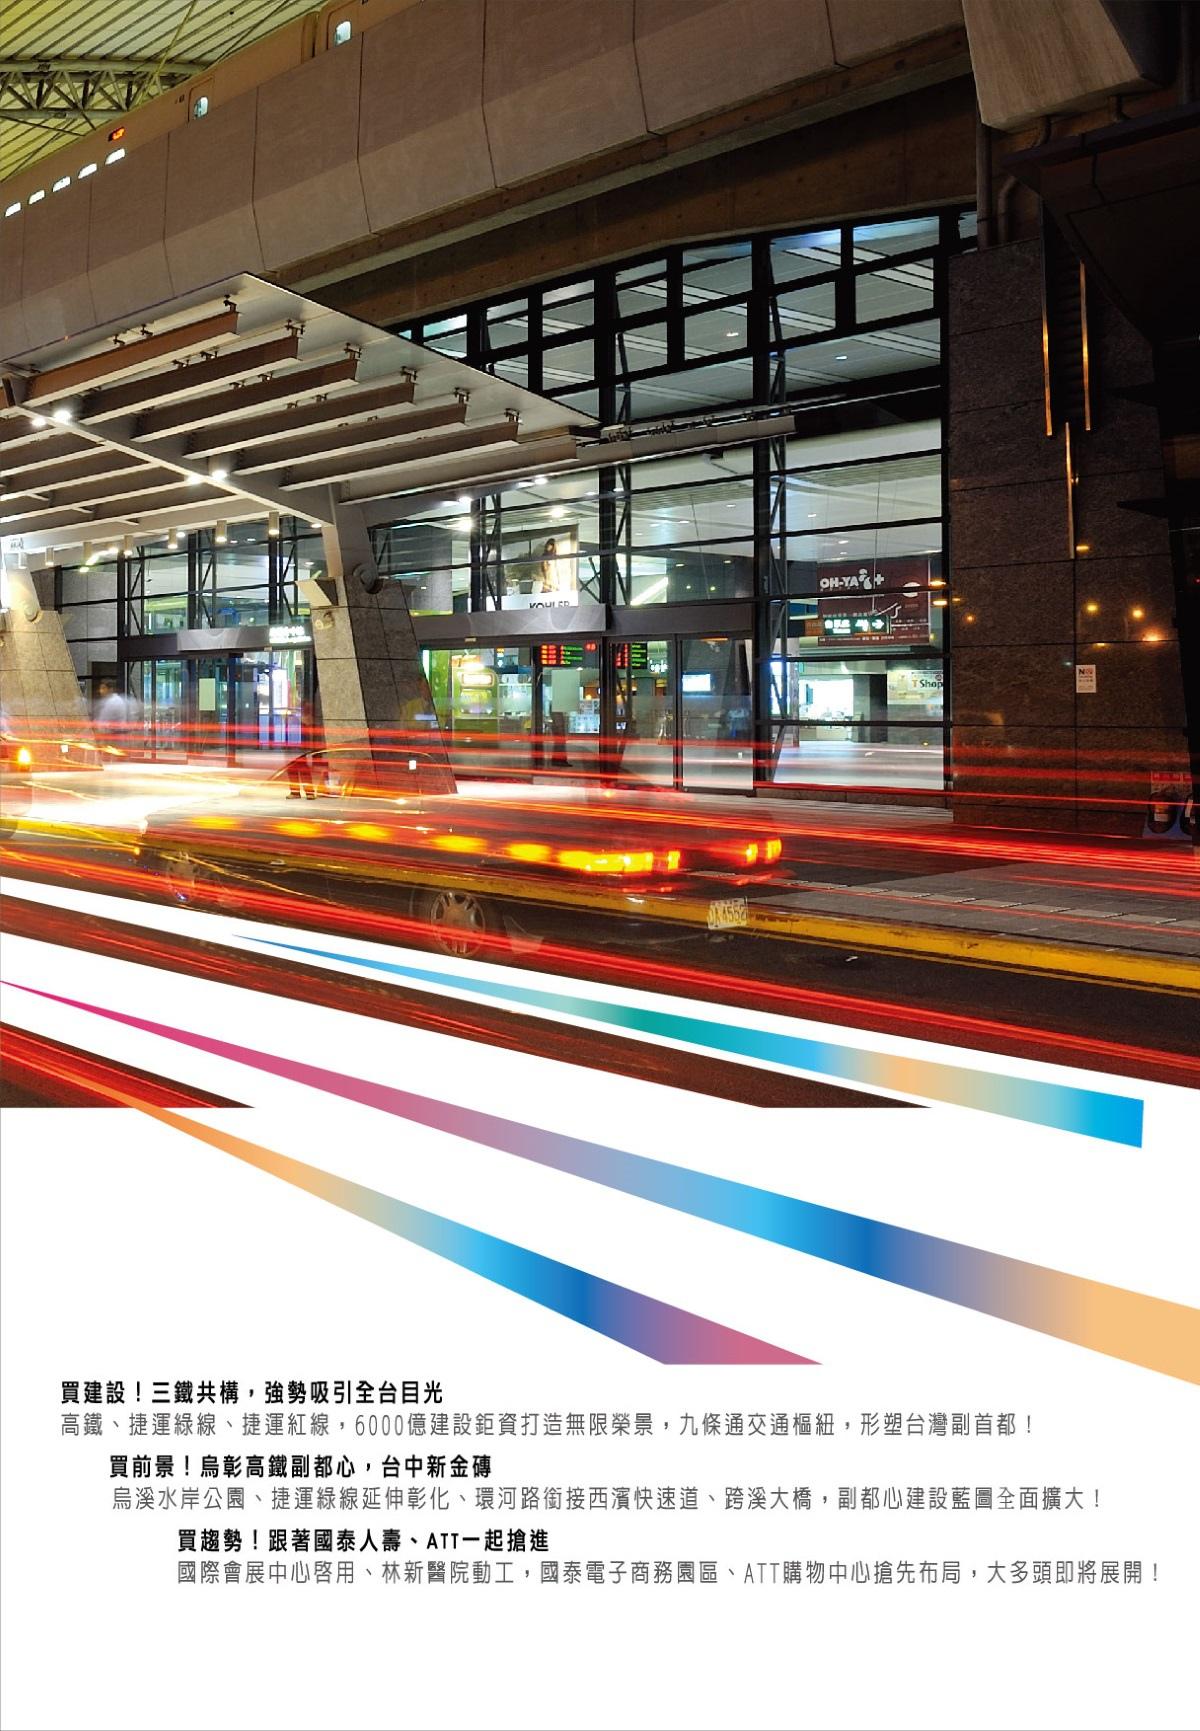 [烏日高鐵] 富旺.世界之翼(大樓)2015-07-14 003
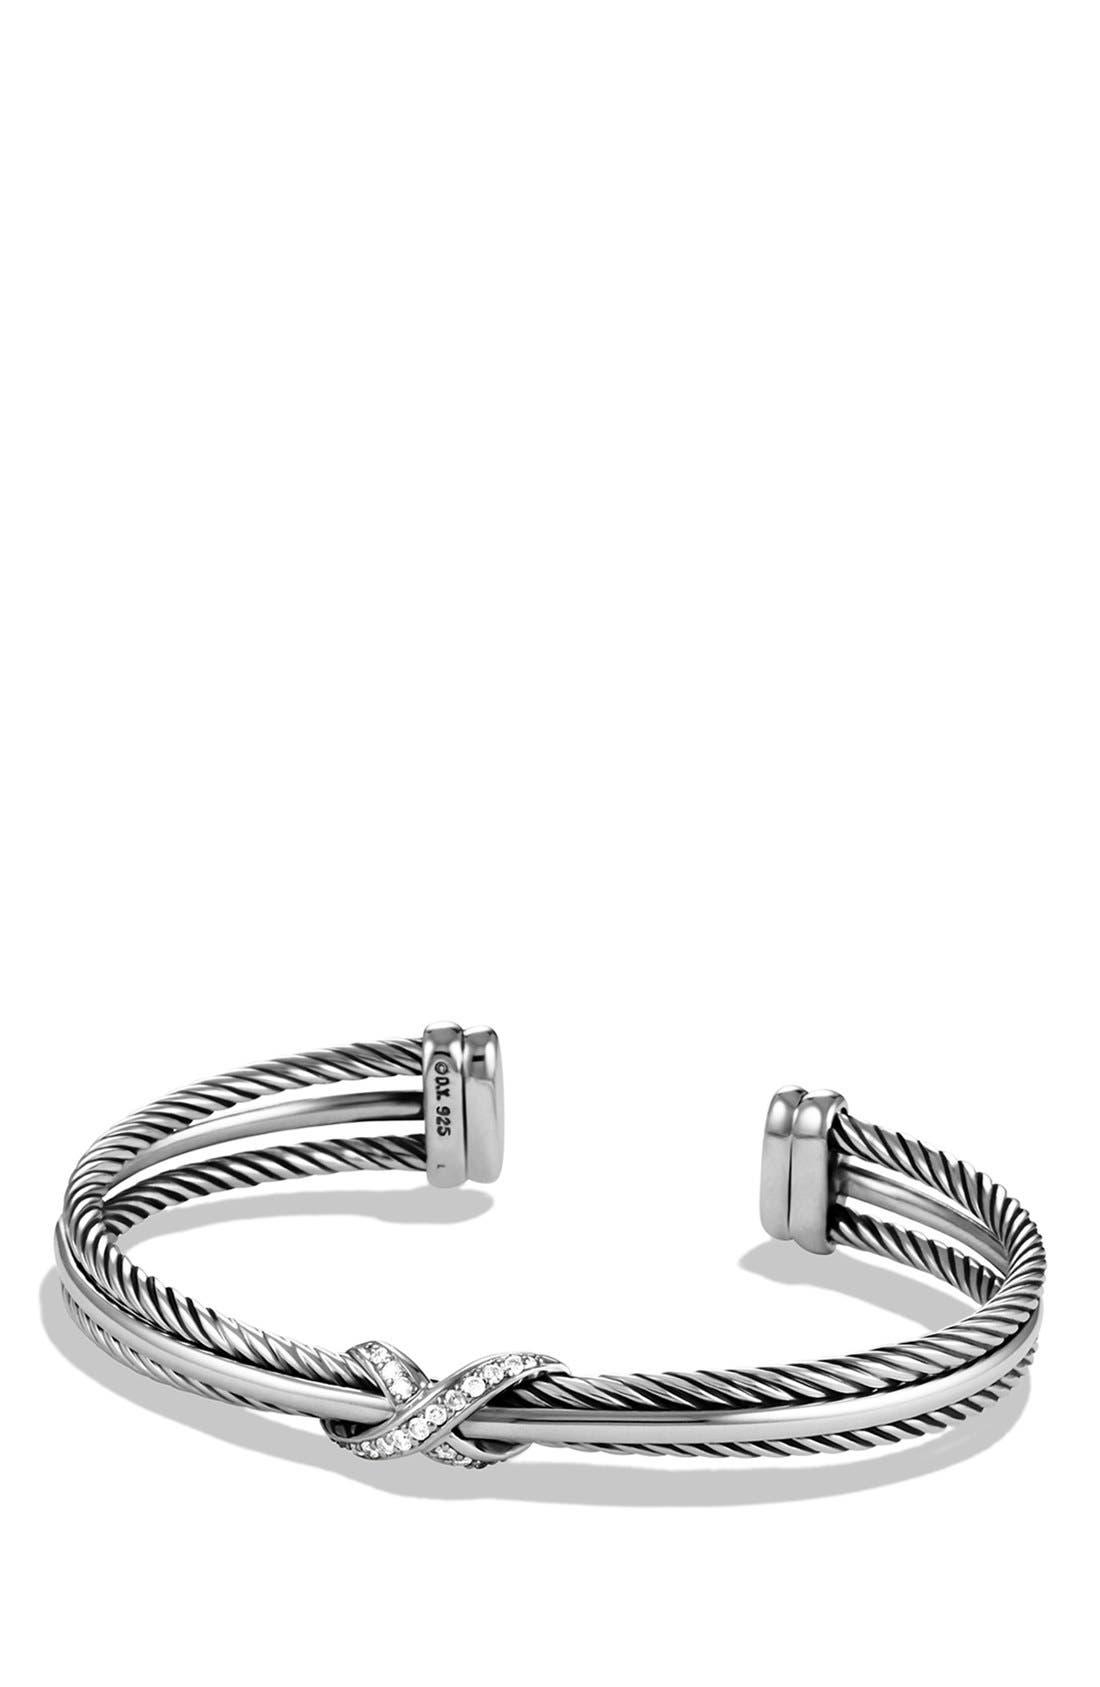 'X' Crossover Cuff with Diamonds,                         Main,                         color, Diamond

---

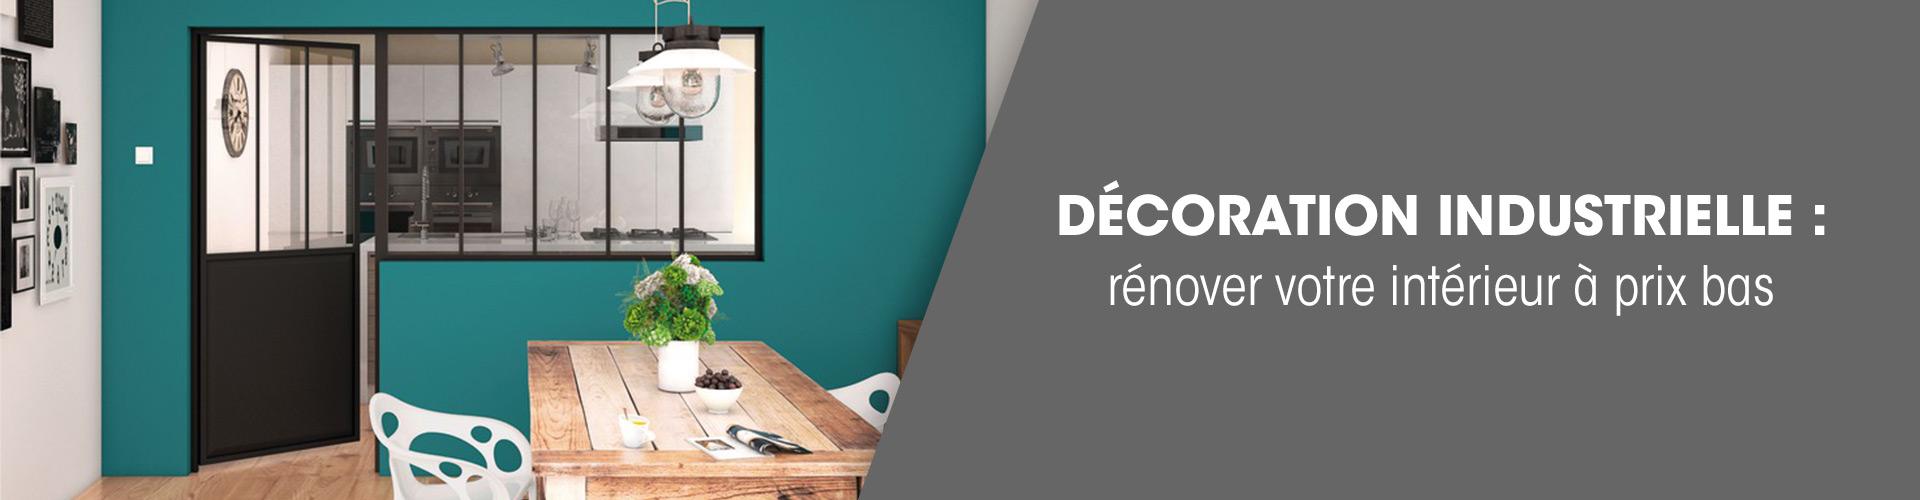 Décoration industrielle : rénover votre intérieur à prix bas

#### [PROBLEM REQUIREMENTS]
Beginning at the line that has "[烏日高鐵] 富旺.世界之翼(大樓)2015-07-14 003" and ending at the line that has "Crossover Cuff with", restate the listing above word for word, pictures left out.

#### [ANSWER SPACE]
 [烏日高鐵] 富旺.世界之翼(大樓)2015-07-14 003
 'X' Crossover Cuff with Diamonds,                         Main,                         color, Diamond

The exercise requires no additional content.